(TheRedWire.com) – On Thursday, the Biden administration’s Consumer Financial Protection Bureau (CFPB) introduced a new proposal that, if successful, could stop unpaid medical bills from appearing on credit reports. If the measure is successful, millions of Americans could see an increase in the credit score that creditors evaluate during the loan application process.
According to the announcement, the measure aimed to “end coercive debt collection tactics” while improving credit scores by reducing inaccurate data. The federal agency argued that by not having medical debts appear on credit reports, Americans could more quickly recover after a medical crisis. It would also stop debt collectors from pushing people to pay off debt they may not have owed initially and clean up any inaccurate or mistaken information.

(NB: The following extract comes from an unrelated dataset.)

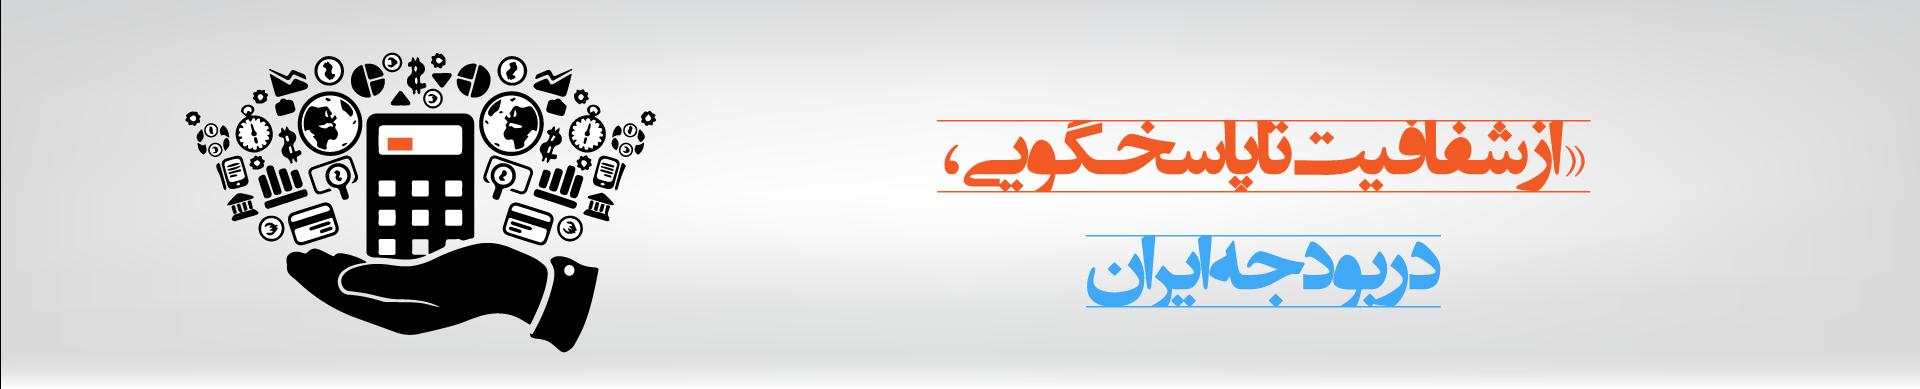 bodje-yab-banner

Vice President Kamala Harris noted in a post on X, formerly known as Twitter that medical debt has been damaging to credit scores for years, and this new measure would allow millions of Americans to make investments in their future.
According to a CFPB report from last year, around 20 percent of Americans revealed that they had some medical debt. The pandemic exacerbated this situation, as many insured and uninsured patients had to undergo hospitalization.
Rohit Chopra, the bureau’s director, stated that medical bills have been shown not to have a significant predictive value regarding credit scores. Yet, millions of Americans have to deal with their medical debt’s effects on their credit reports.